▶ [RAW DATA]
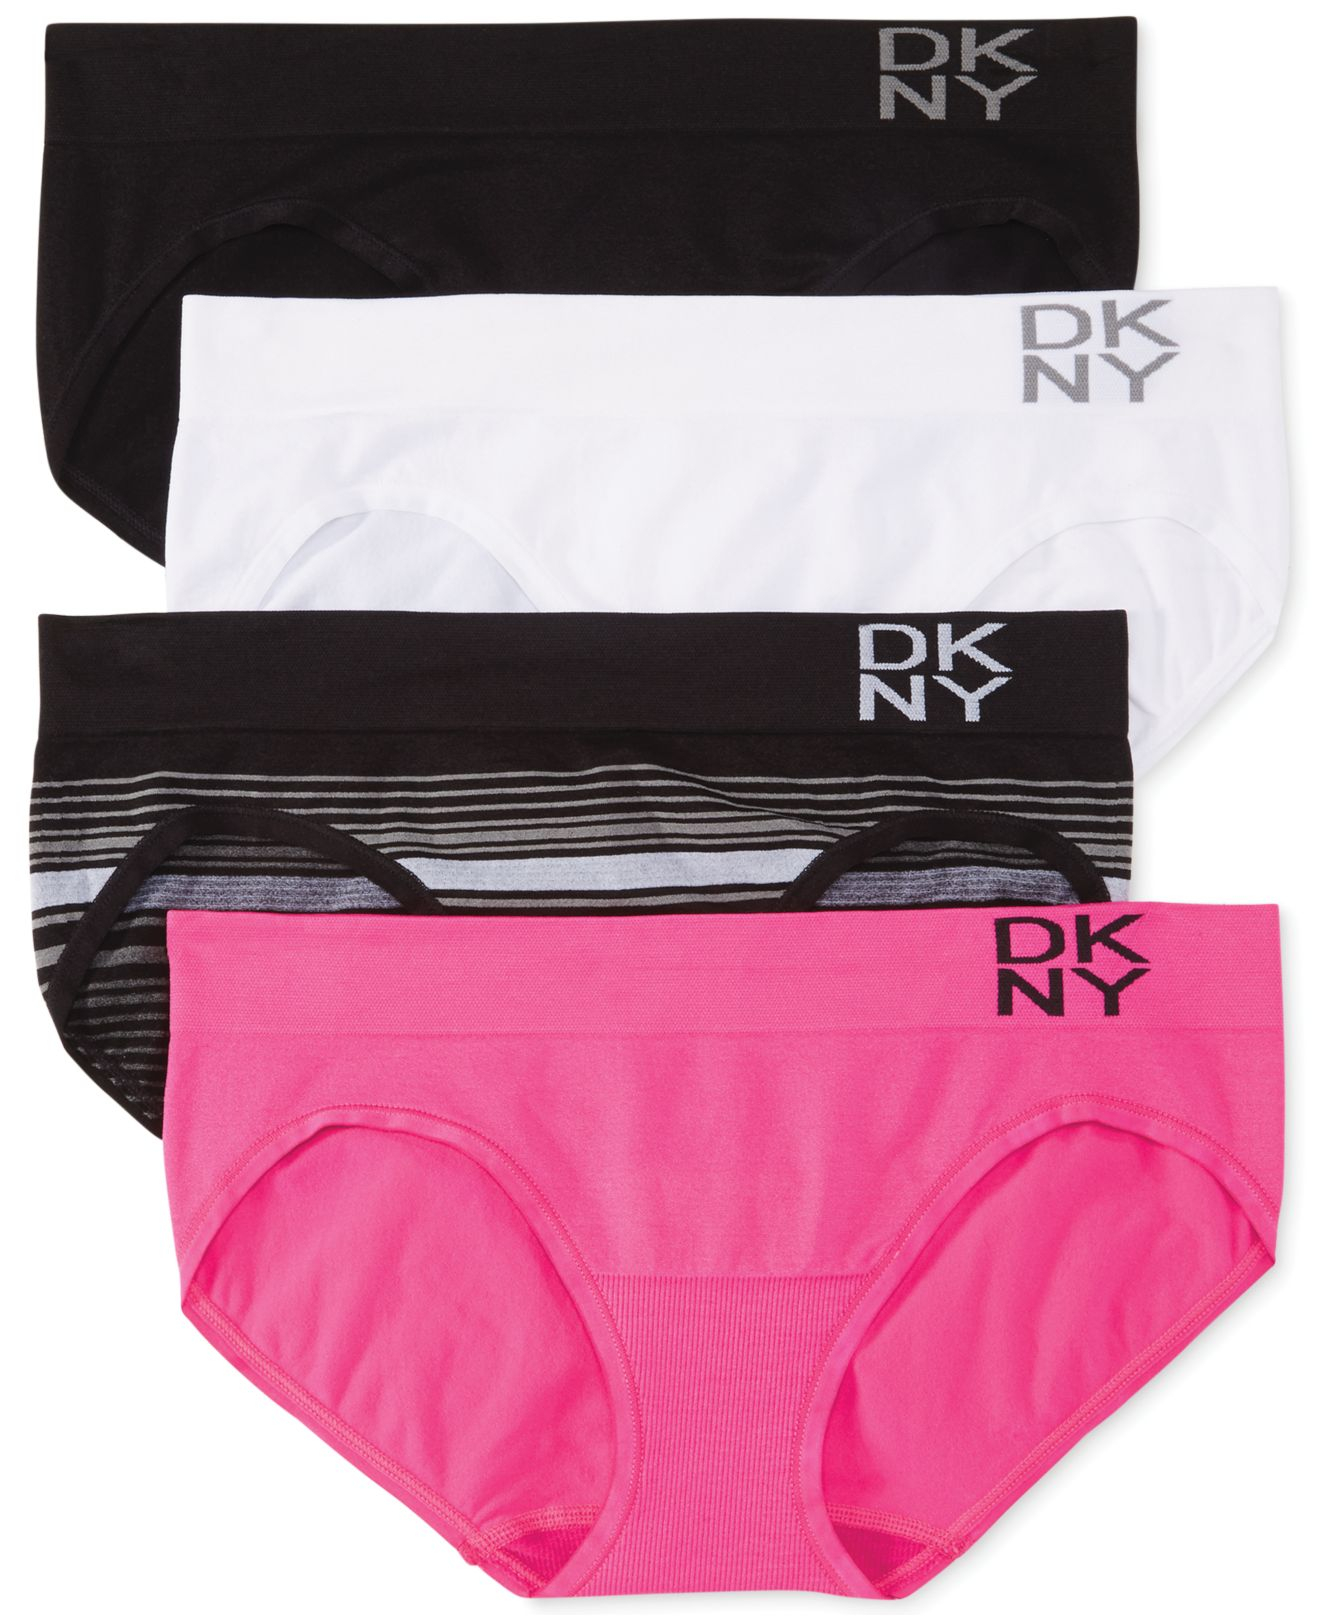 DKNY Energy Seamless Bikini Panty 570046 S, M, L MSRP $12.00 NWT
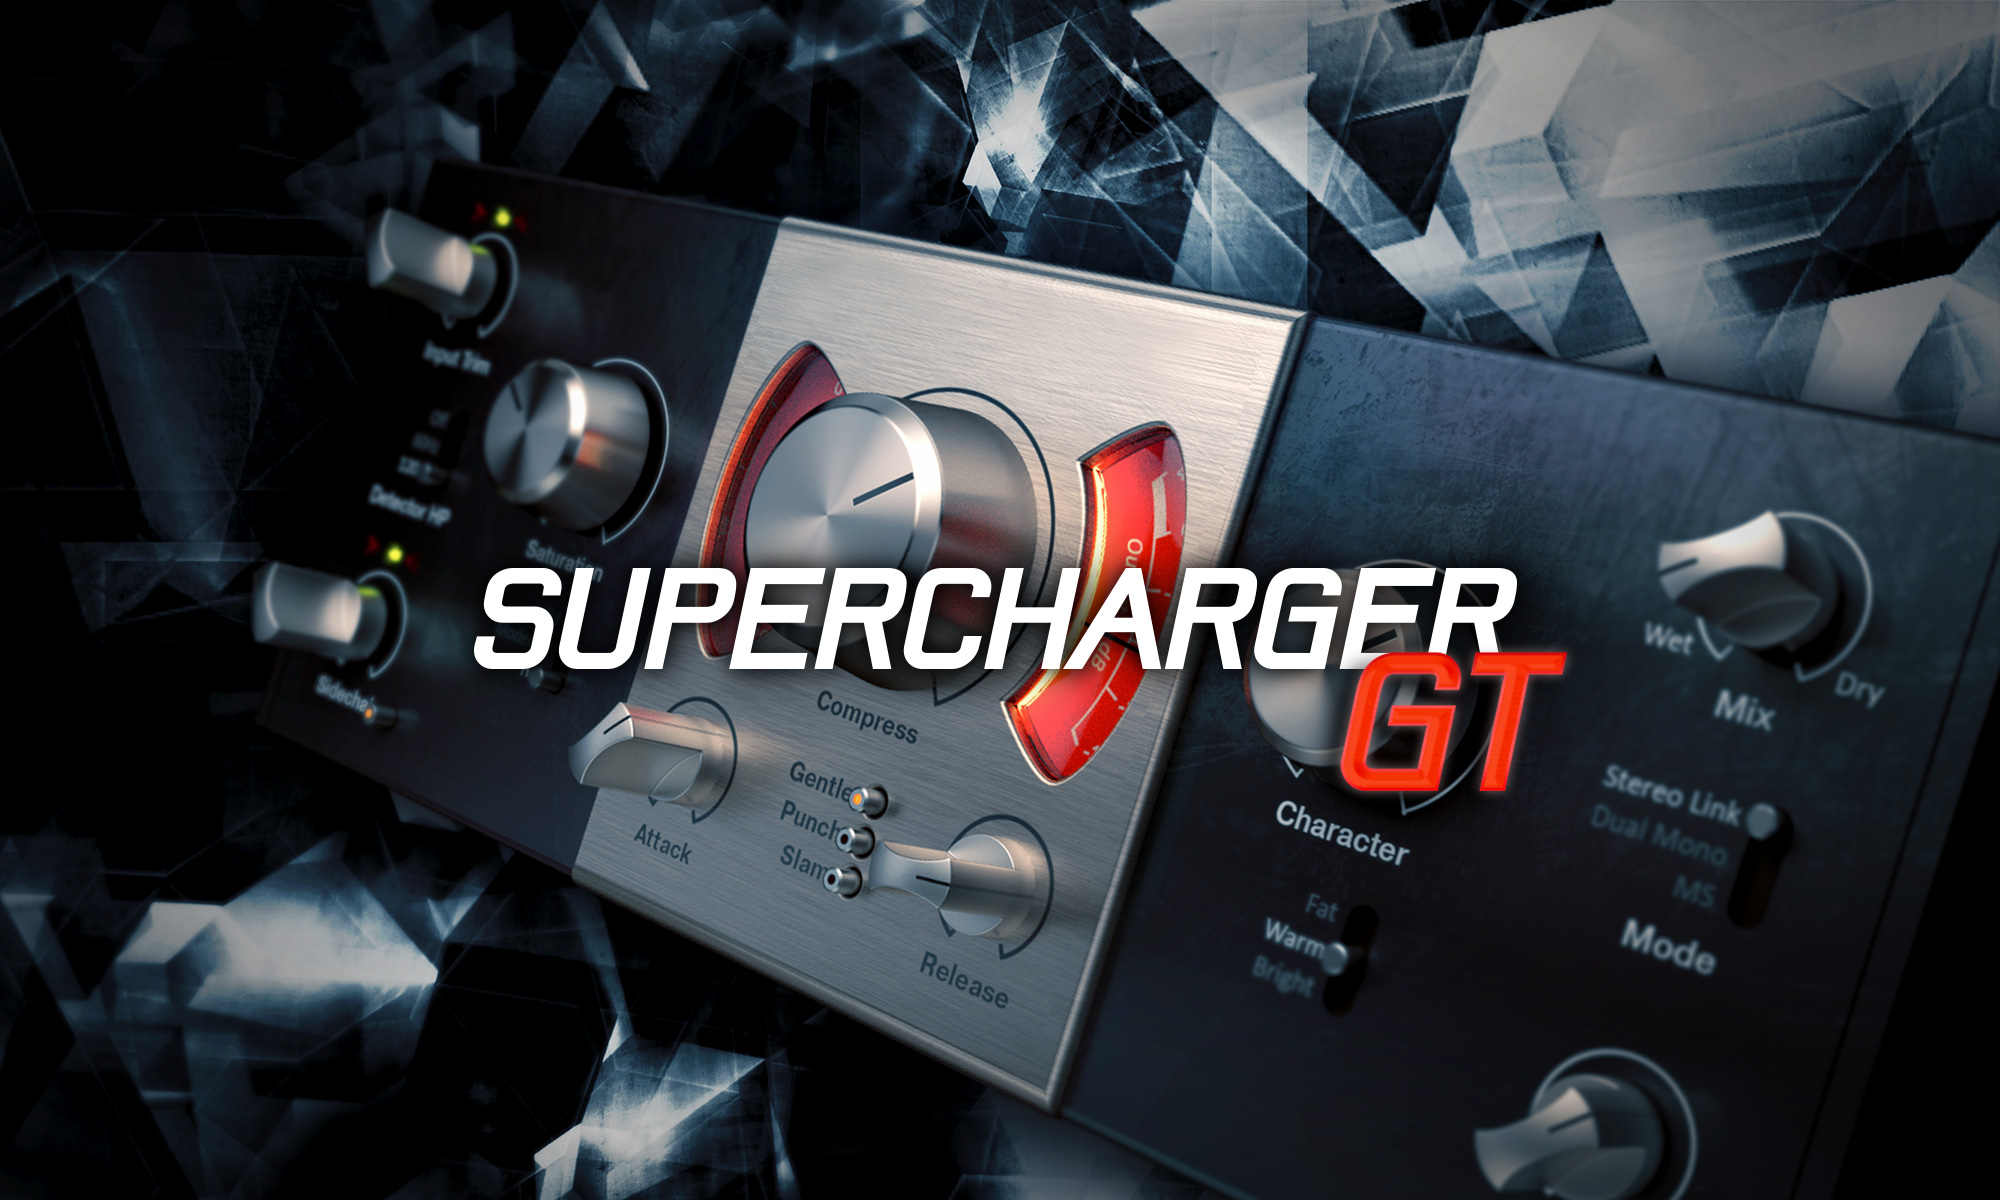 Supercharger-GT-manual-web-2000x1200.jpg
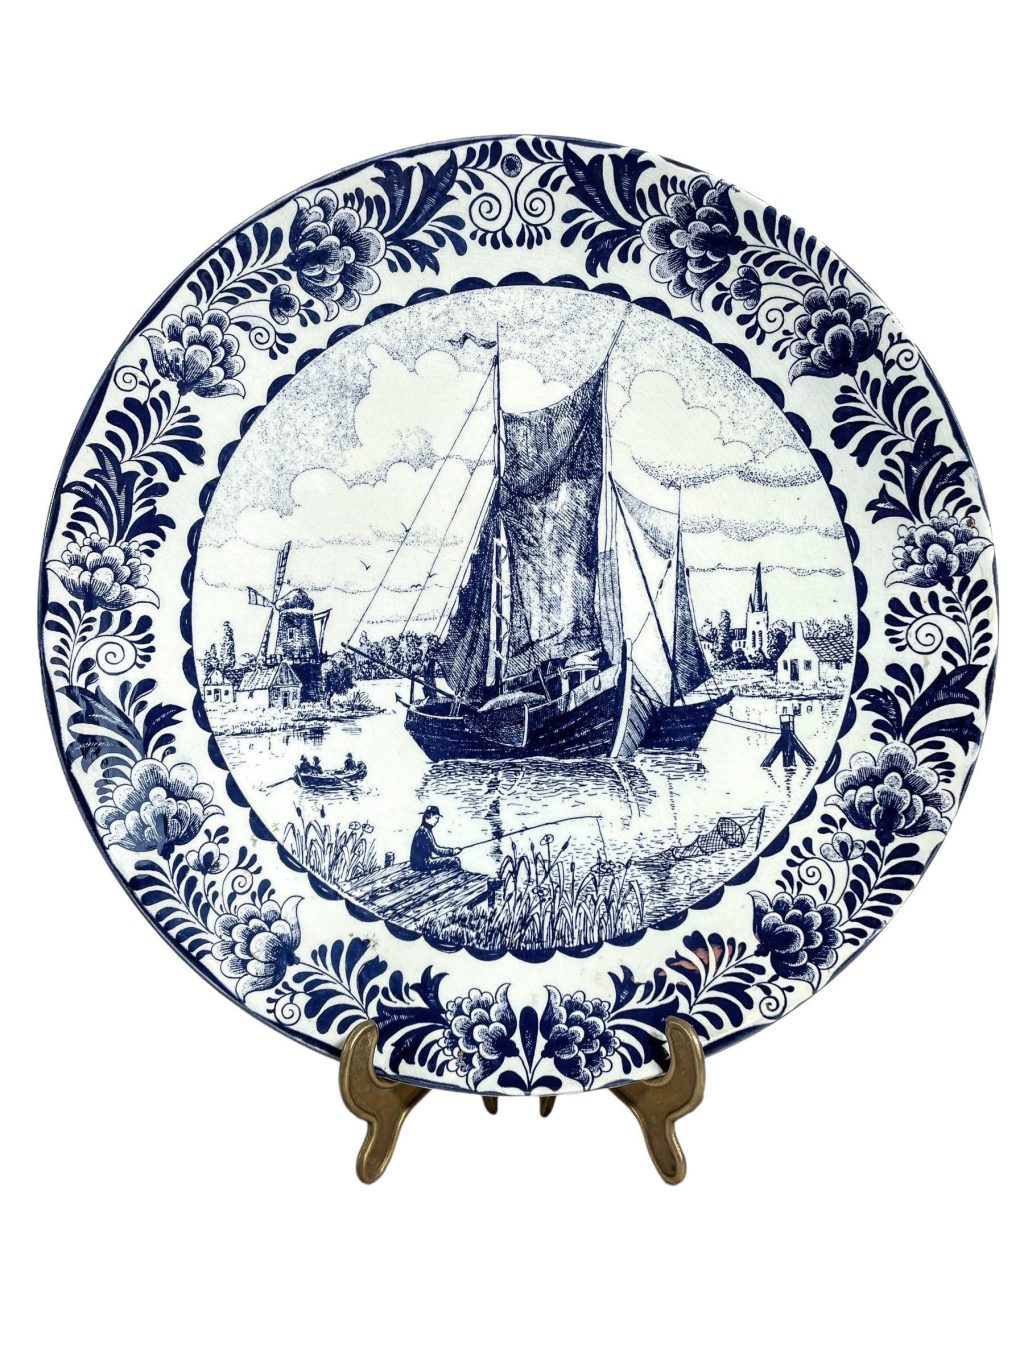 Vintage Dutch Original Blauw Delfts Handmade White Blue Extra Large Dinner Plate Hanging Wall Display Sailing Ships circa 1950-60’s

▶ [WHAT IS REQUIRED] Every line of the material must be reproduced verbatim; the pictures are to be omitted.

▶ [SOLVED EXERCISE]
 DKNY Energy Seamless Bikini Panty 570046 S, M, L MSRP $12.00 NWT
 Supercharger-GT-manual-web-2000x1200.jpg
 Vintage Dutch Original Blauw Delfts Handmade White Blue Extra Large Dinner Plate Hanging Wall Display Sailing Ships circa 1950-60’s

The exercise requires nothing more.